I was judged for minute things like a too-long skirt, or a thumb ring, but I knew that inside I am a G-d loving, G-d fearing Jew, at least that is definitely my goal
. If that's the case, how can I
judge others whose physical appearance don't convey those messages?
We're all in the same boat. Don't judge me, and I won't judge you.
There is also the opposite side of it. In the Modern Orthodox community, which most people praise as open-minded, and non-judgemental, I am often ridiculed for covering my elbows and knees. I'm not doing anything wrong, and if you don't want me to judge you for wearing v-neck shirts, and short sleeves, keep your mouth shut. Years ago, a girl asked mockingly, "Ohmygawd, your mom wears a sheitel???
" Why should she make me feel bad for doing the right thing?
Once again, you don't judge me, I won't judge you.
The Erev Shabbos Siren
What is the purpose of the Erev Shabbos Siren?
Almost everyone knows what time Shabbos begins. If not, he can check in the many Jewish publications flooding the streets of Midwood. It doesn't help anyone.

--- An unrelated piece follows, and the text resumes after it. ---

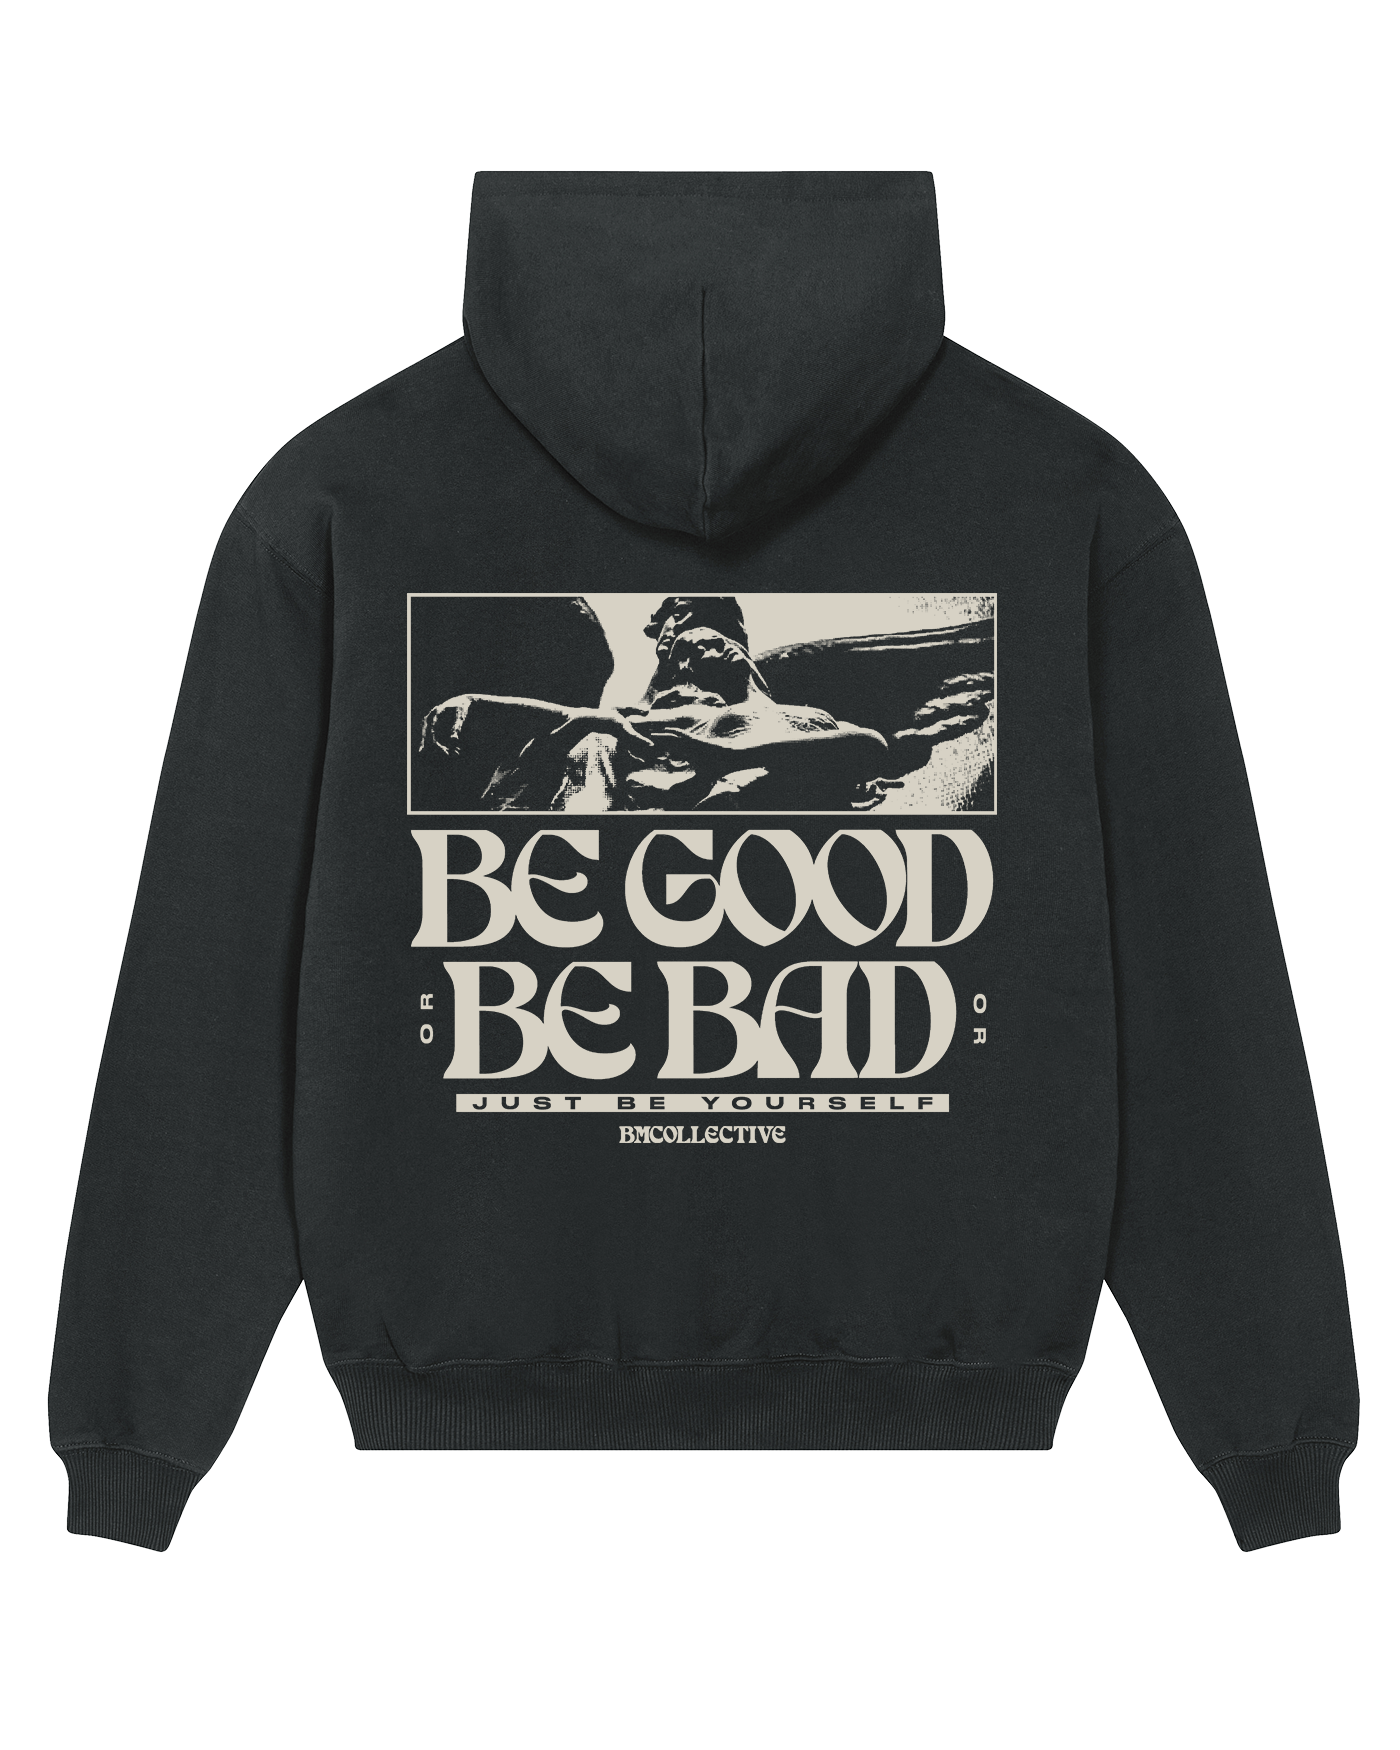 Be Good Be Bad Black Hoodie
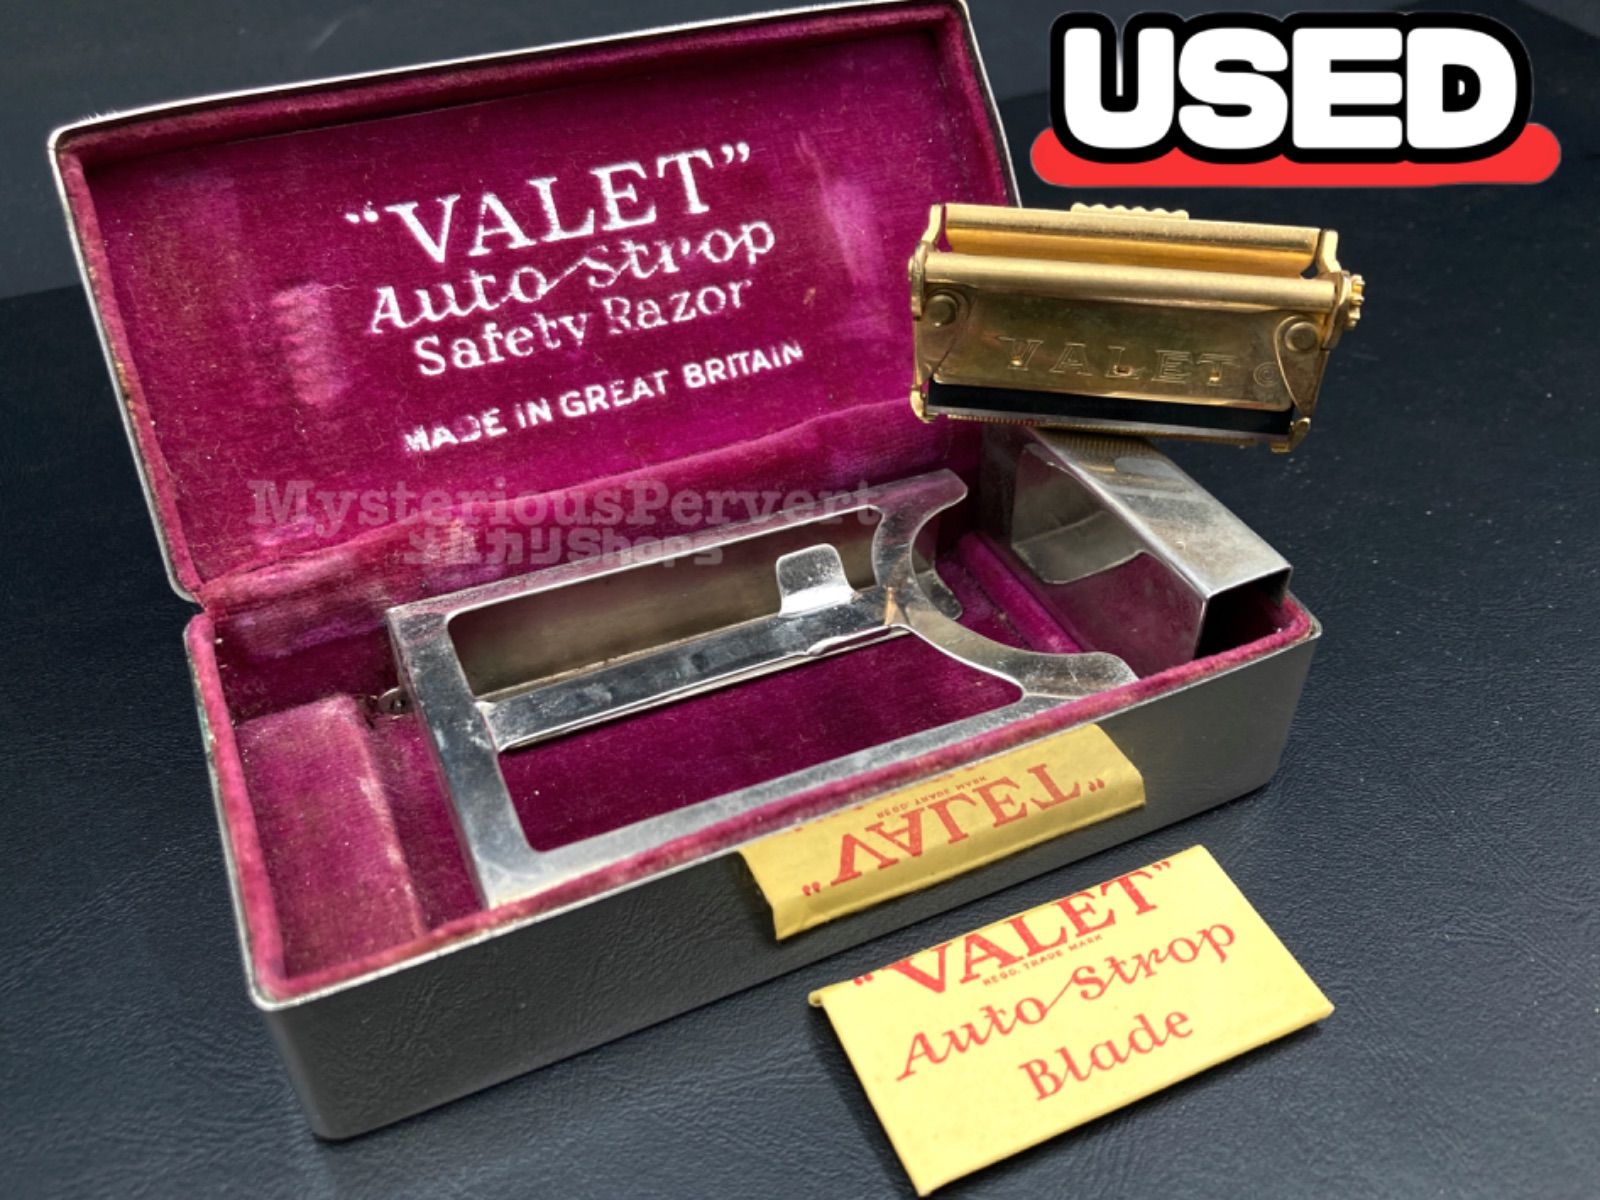 MZ257) VALET Auto Strop Safty Razor Vintage 片刃カミソリホルダー

We are in Galus. We are in America. This is not our land. This is the Goyim's land. Why should we make ourselves more hated by disturbing their Friday afternoon. There have been many reports of noise violations. Why do we need this strike against us?
What good will it do us to try to dominate land that is not ours?
I know this is short, but there is nothing more to say. This siren should be discontinued.
The Non-Sensical "No TV" Rule
Two words: GET REAL. Almost everyone has a TV.
If you think that the 300+ students in your school don't wake up to TV and go to bed with TV, climb out of your cave.
More and more religious schools are jumping on the bandwagon of not accepting students with a TV in their homes. What's the outcome? They're making people lie to get their kids into a school. If they don't lie, their children end up in the one school left that takes people with TVs in their houses, and every other person who applies, which may be a bad influence on otherwise wholesome kids. These kids are wholesome if their parents refused to lie.
I believe "honesty is the best policy." That's what G-d wants from us. He doesn't want us to lie. So why would these so-called religious schools MAKE PEOPLE LIE???
In all these Bais Yaakov schools, you mention Spongebob Squarepants, half the class perks up. You mention Arthur (which is on free TV), the kids start listing the other characters on the show. That means their parents had to lie to get them into a school with a bunch of other kids whose parents had to lie.
I understand TV is not the best form of entertainment. Once you accept the children knowing they have a TV, you can try to influence them otherwise, and teach them why TV is bad. Not just that it is.
So stop making people lie. Accept people with TVs, and take it from there.